In almost every programming language you can quickly run into problems that the app establishes connections but never closes them. Some programming languages ” automatically” close unused connections, and this sometimes works better, sometimes worse. It is good practice to monitor if the “promises” of the vendors do work.
Such open connections (I/O, databases, net/HTTP requests, etc.) accumulate over time until there are no more free connections. Boom, in simple words: the app stopped working. The annoying thing is that the app may not crash (depending on your error handling!), it just often can’t establish new connections and doesn’t work as expected.
I don’t want to go into the details of how to solve such problems here, because they depend on the programming language you choose and, above all, on your programming style and how you handled errors. But the most important thing is to recognize such errors at.
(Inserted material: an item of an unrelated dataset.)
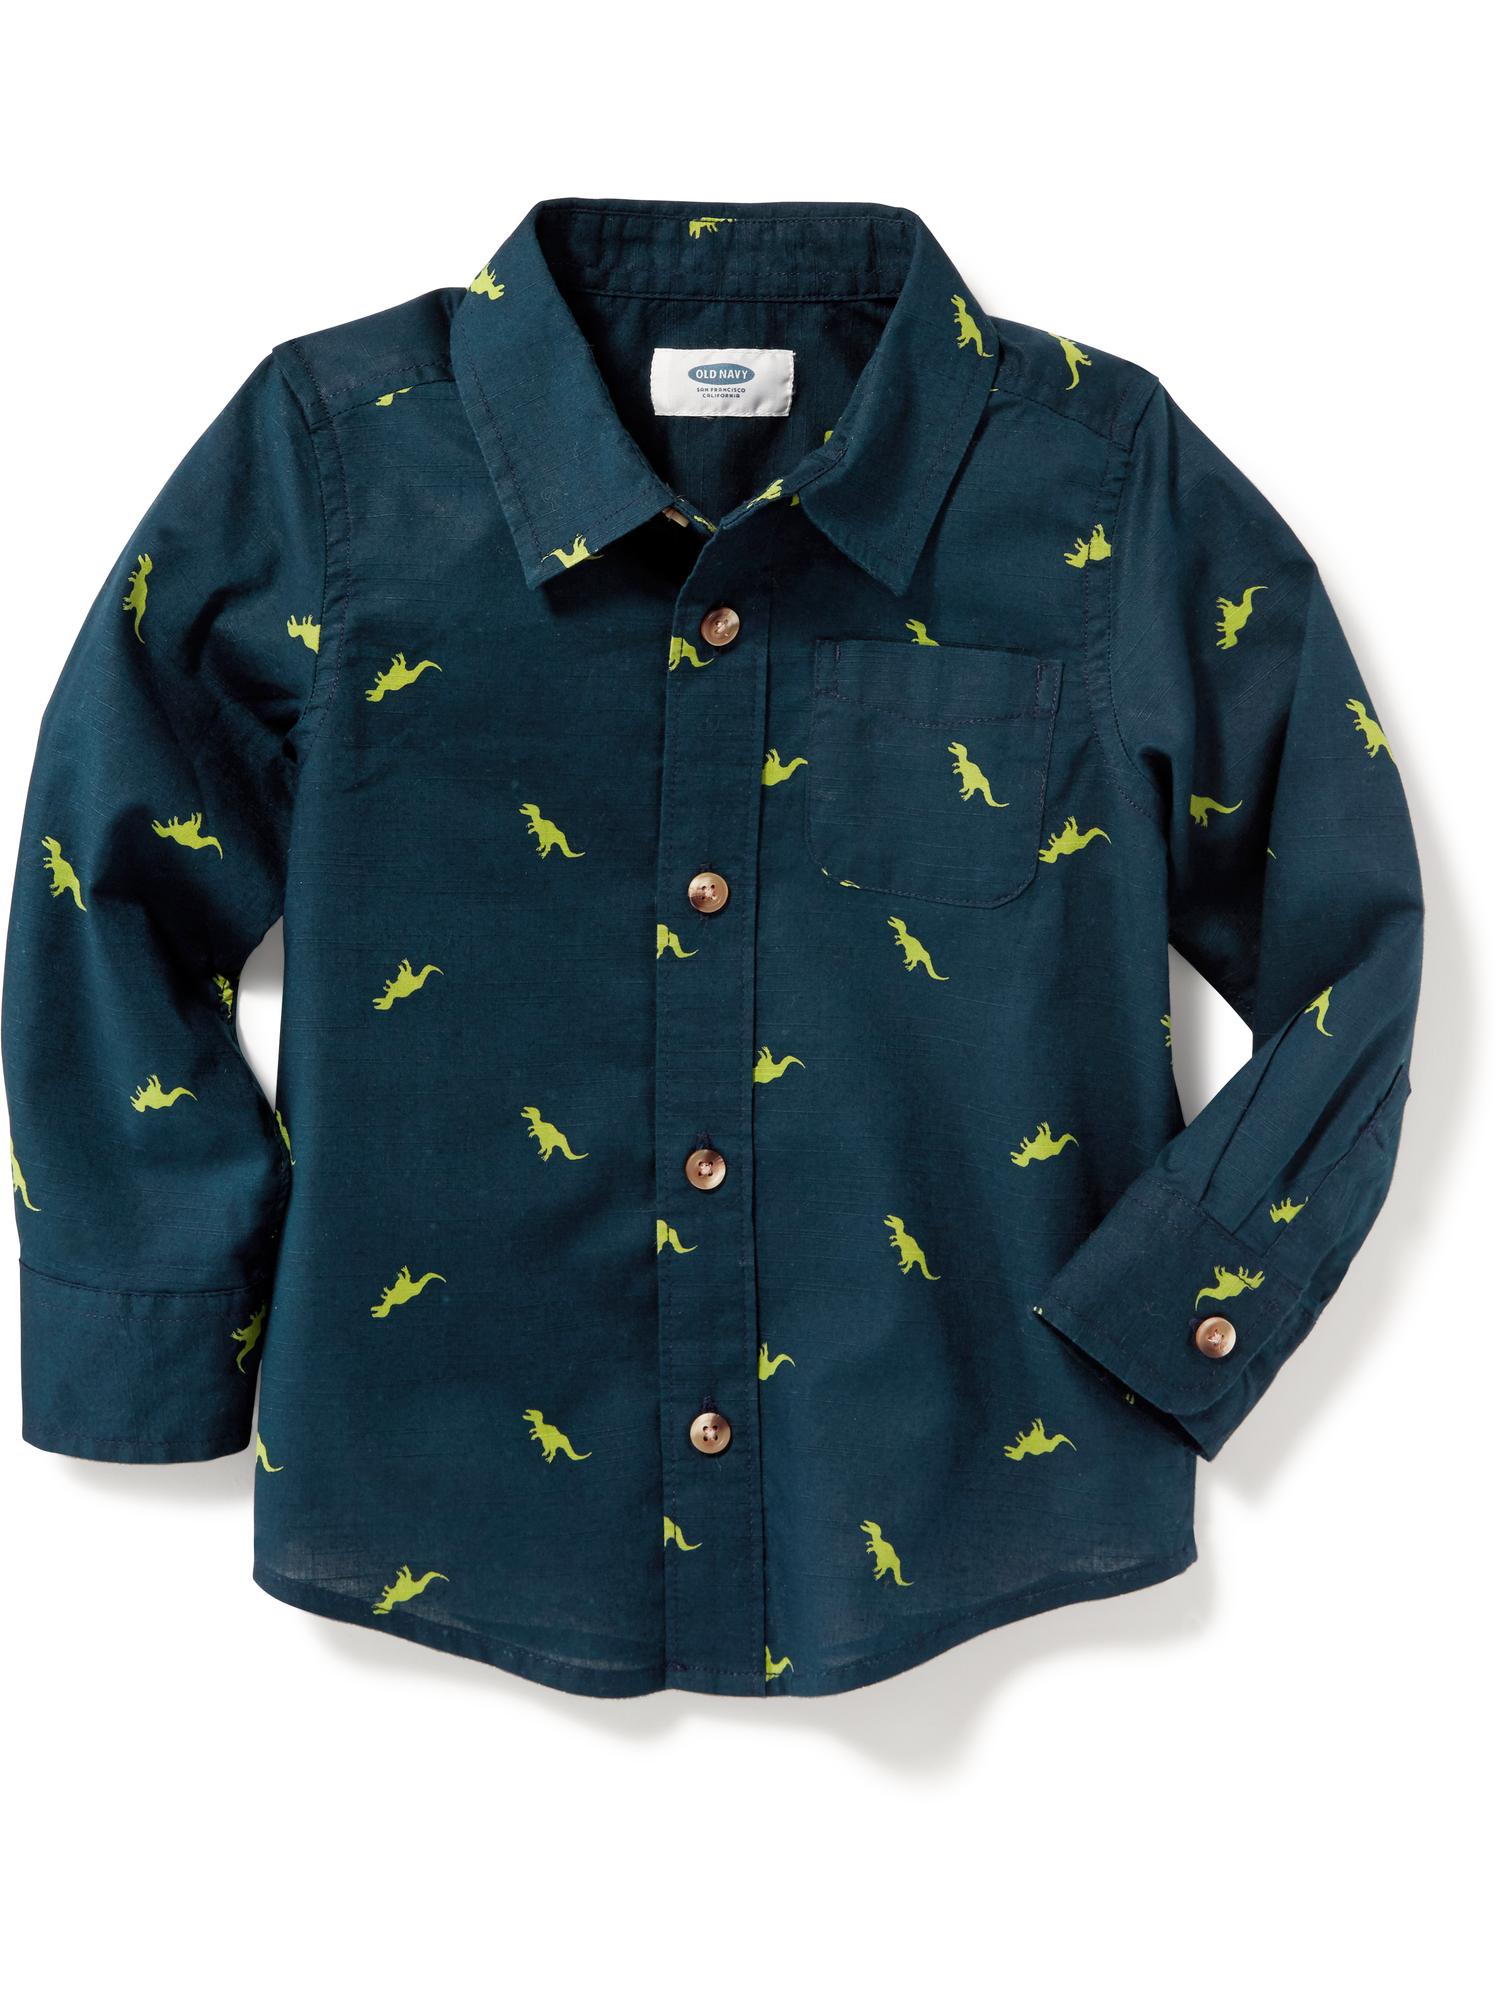 Dinosaur-Print Slub-Weave Shirt for Toddler Boys | Old Navy

In Golang, for example, you might get error messages like the following:
accept4: too many open files; retrying in 1s
And especially newbies might now be completely lost.
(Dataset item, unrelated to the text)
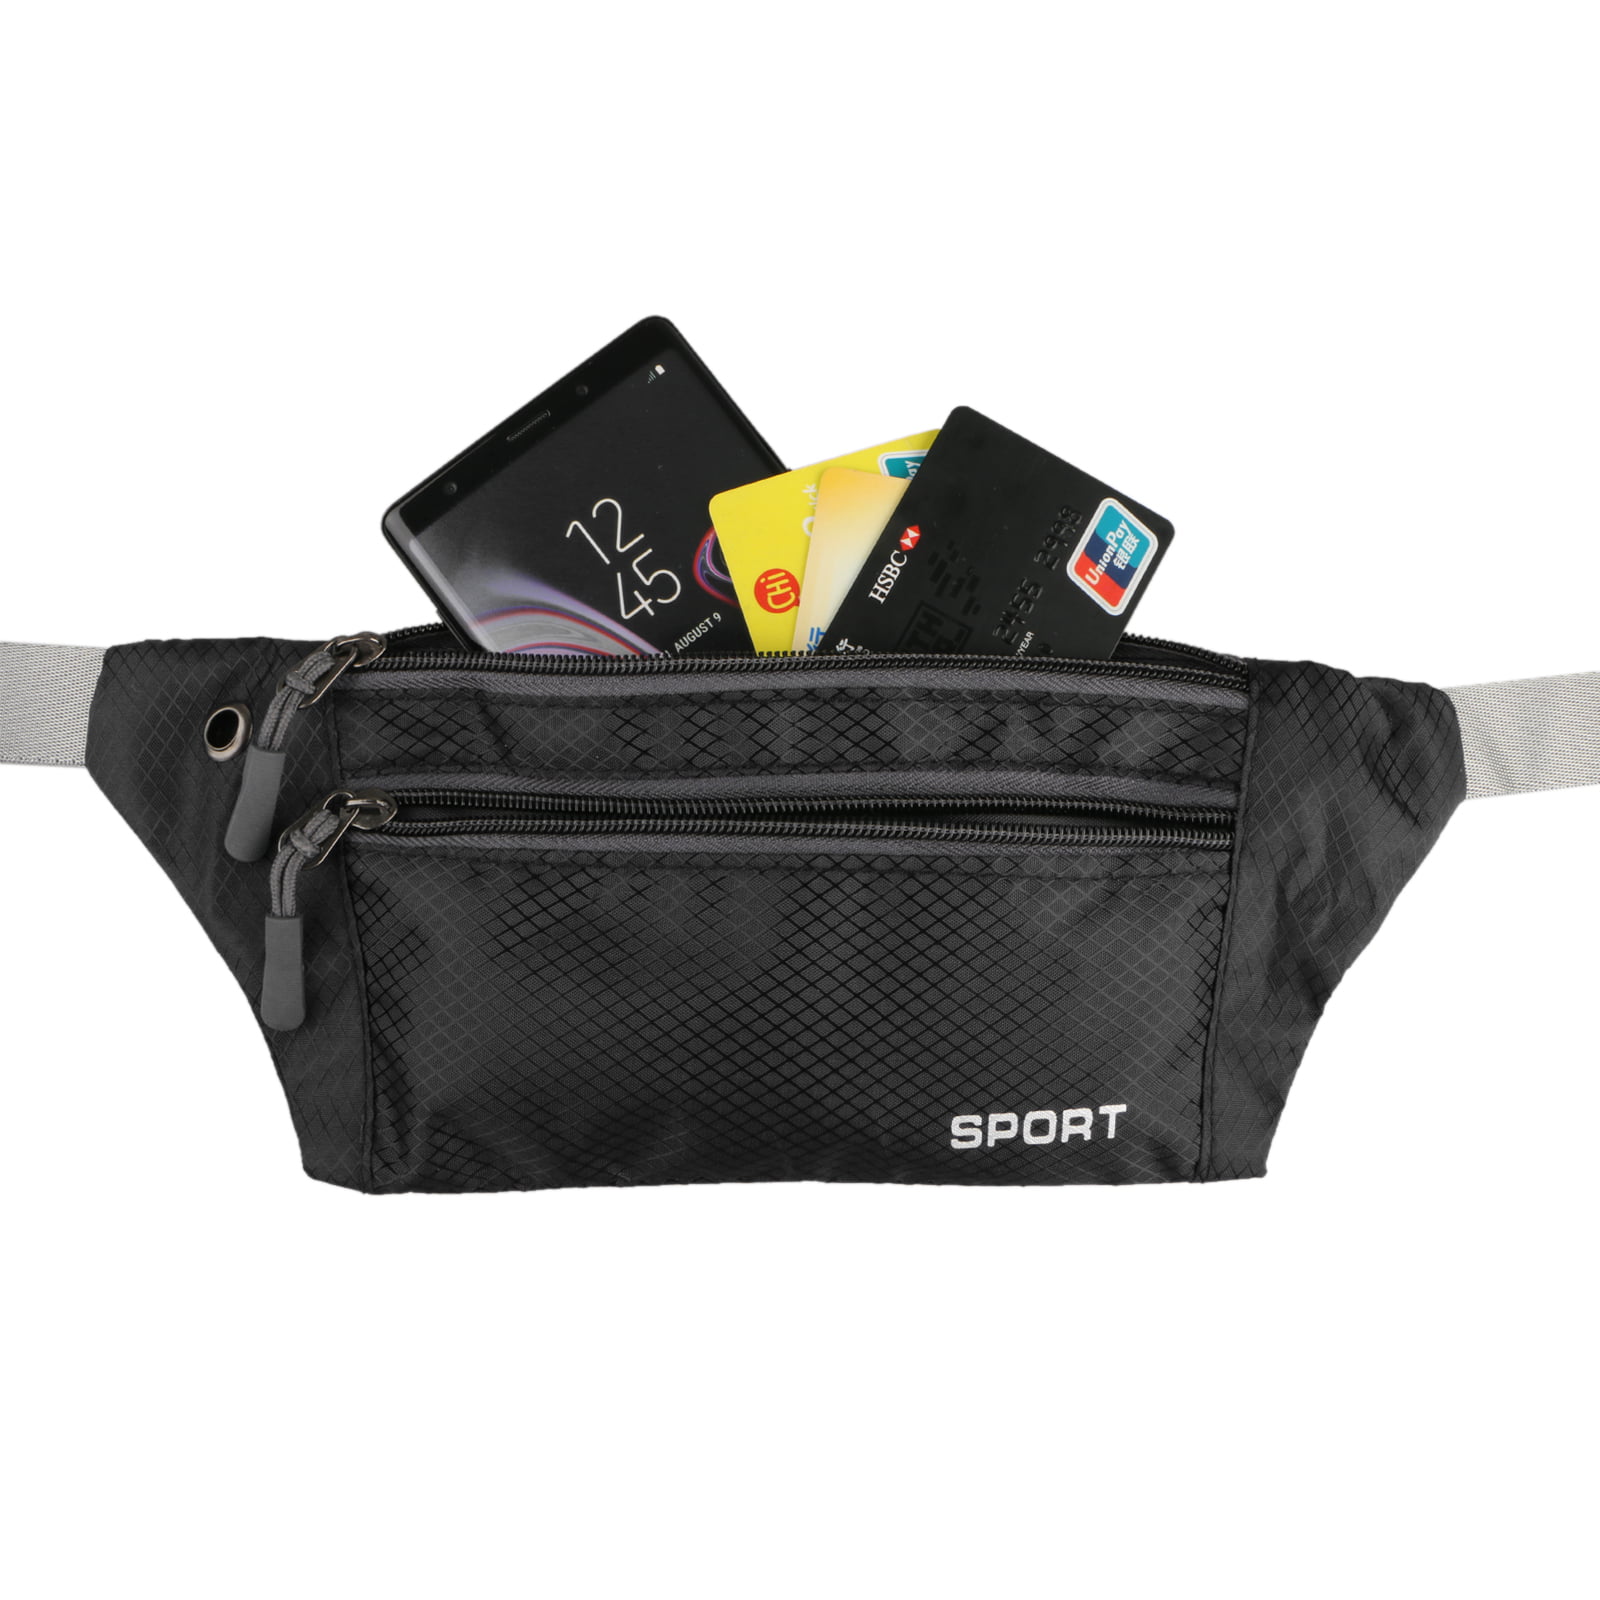 Lightweight Large Capacity Bumbag for Outdoor Walking Running whatUneed Waterproof Waist Bag for Men Women Storaging Wallet Phone Keys

At some point the server was full and no more free connections were possible.
The following command can be used to check how many connections a specific process is using:
lsof -p -r 10
The PID is the ID of the process, which can be found using the top command, for example. The 10 stands for 10 seconds in this example and means that the command is executed every 10 seconds.
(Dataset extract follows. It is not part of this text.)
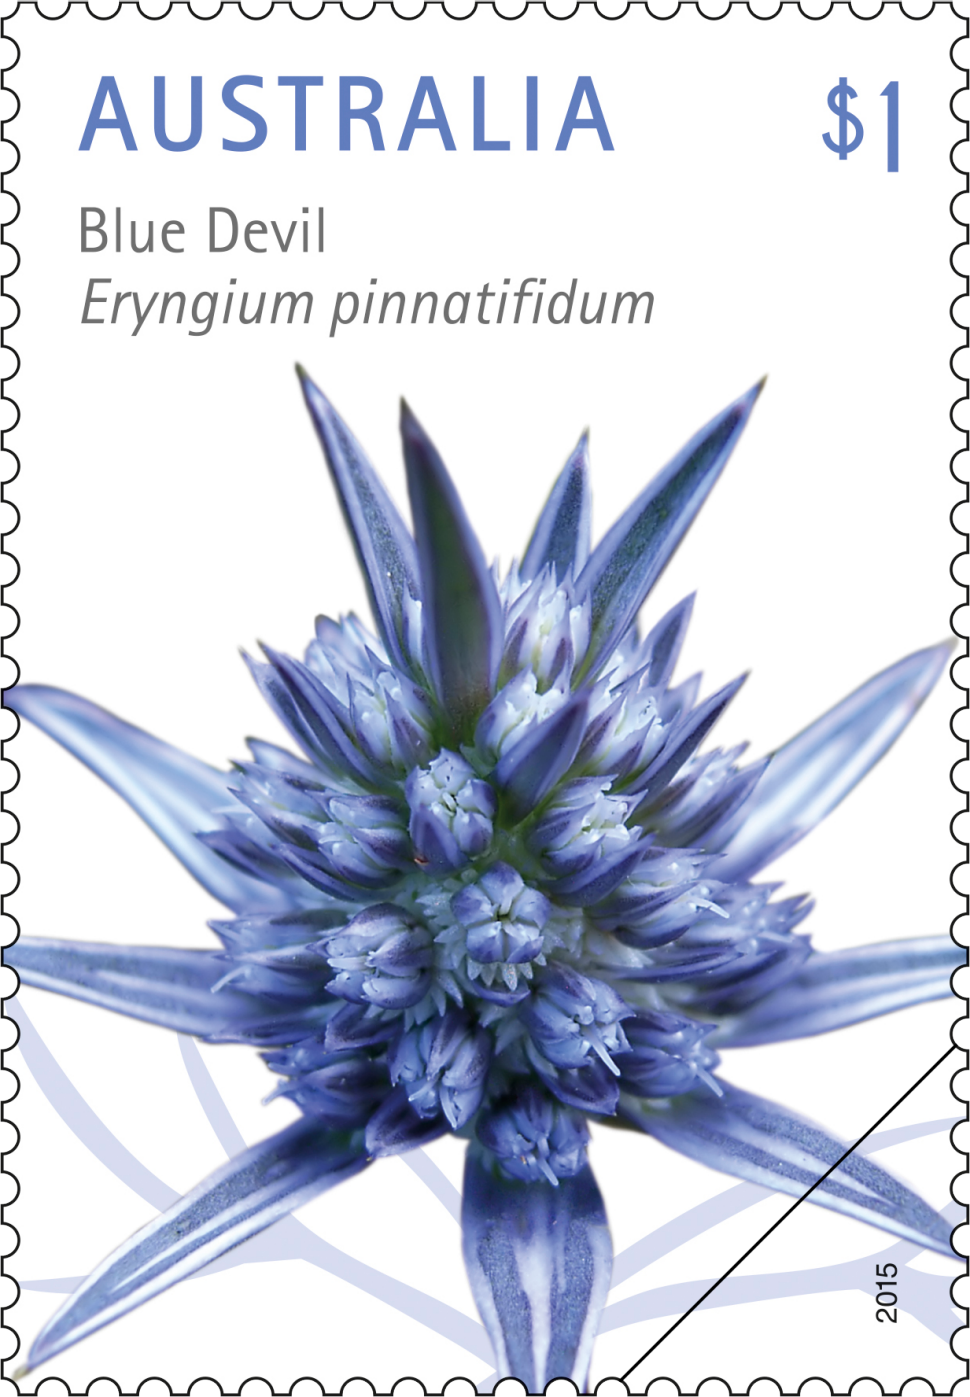 $1 - Blue Devil, Eryngium pinnatifidum

Most of the time, however, we want to check services that have a name. In this case, we can combine the pidof command with lsof:
lsof -p $(pgrep -o -x bes) -r 10
My service is called “bes”. The command above gets the PID of “bes” and every 10 seconds runs the lsof with that PID and makes a list of how many connections “bes” is creating. You only need to replace “bes” with the name of the service you want to monitor, for instance, nginx.
In this case “only” 8. Yesterday it was still 2000 and growing until the app broke overnight ;-). I had created a leak in one of my apps because I forgot to close a MongoDB connection.
Good luck identifying such leaks in your programs!